### What to work on
Beginning with the line below that contains "их простейшие свойства" and ending with the line that contains "online in India", copy every line exactly. Copy nothing else.

### Task data
--------------------------------------------------

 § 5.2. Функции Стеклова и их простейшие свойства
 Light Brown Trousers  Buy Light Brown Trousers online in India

--------------------------------------------------

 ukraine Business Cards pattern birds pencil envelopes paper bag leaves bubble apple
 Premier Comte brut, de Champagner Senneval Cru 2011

--------------------------------------------------

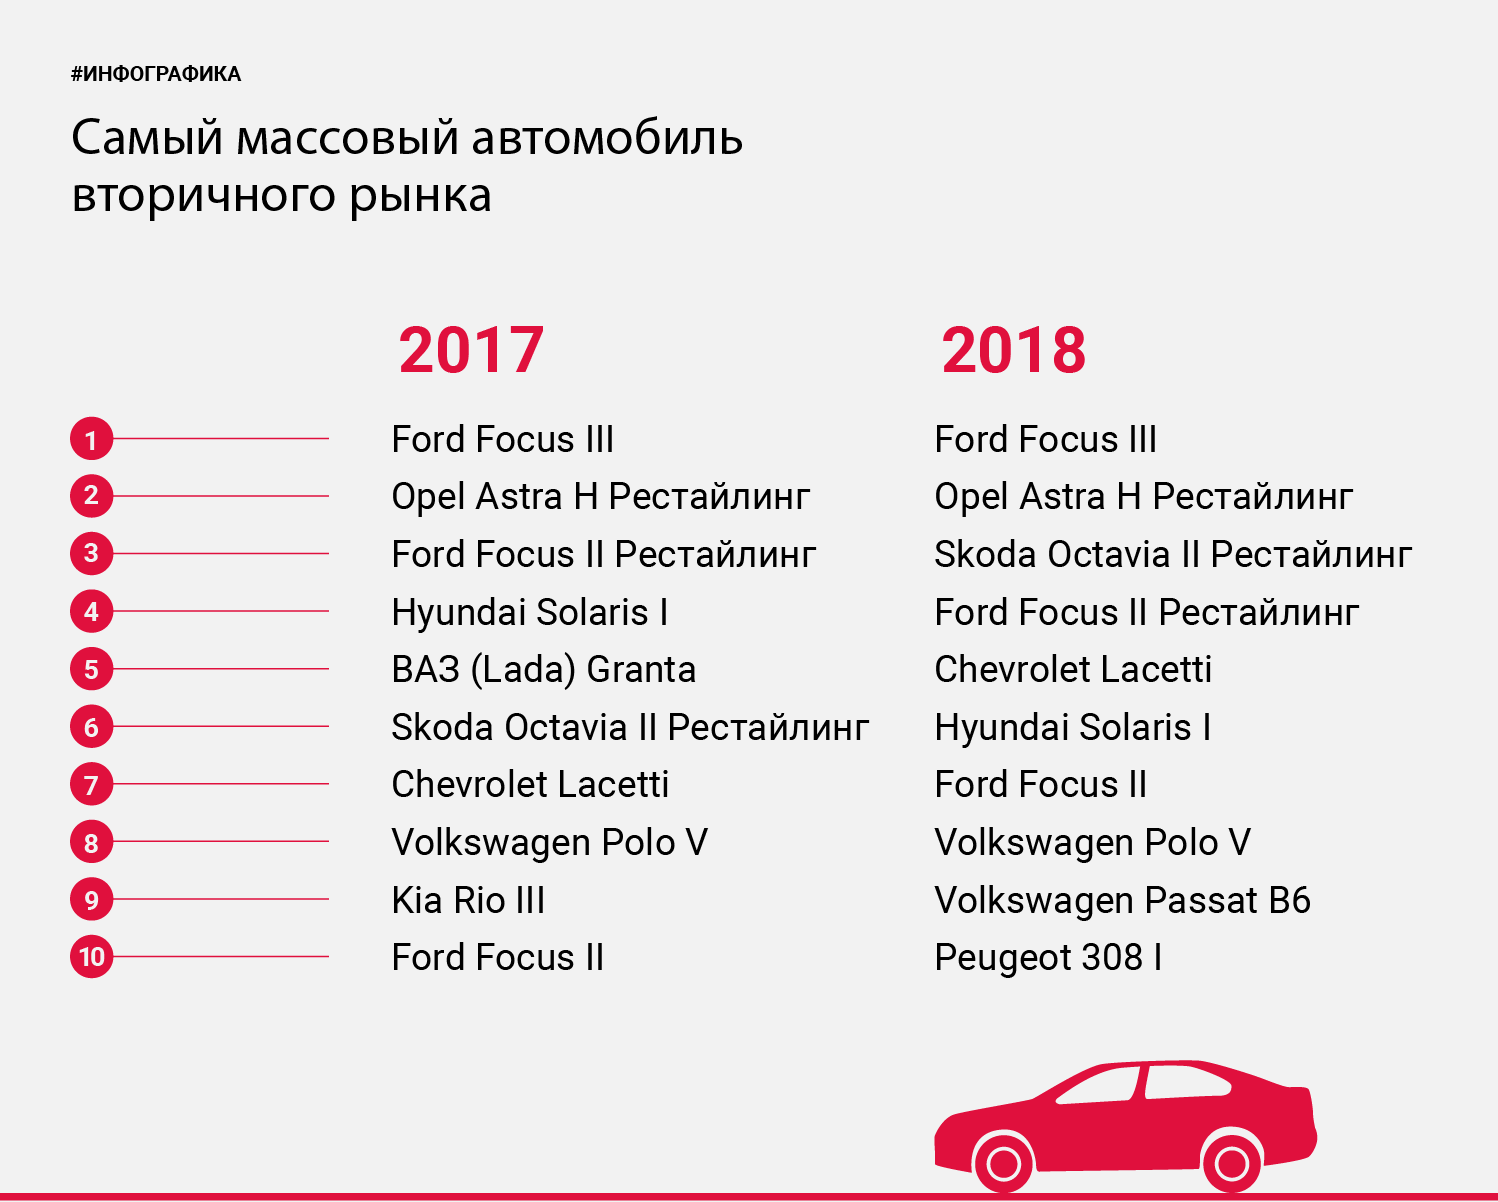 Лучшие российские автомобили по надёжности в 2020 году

--------------------------------------------------

### Task answer
 § 5.2. Функции Стеклова и их простейшие свойства
 Light Brown Trousers  Buy Light Brown Trousers online in India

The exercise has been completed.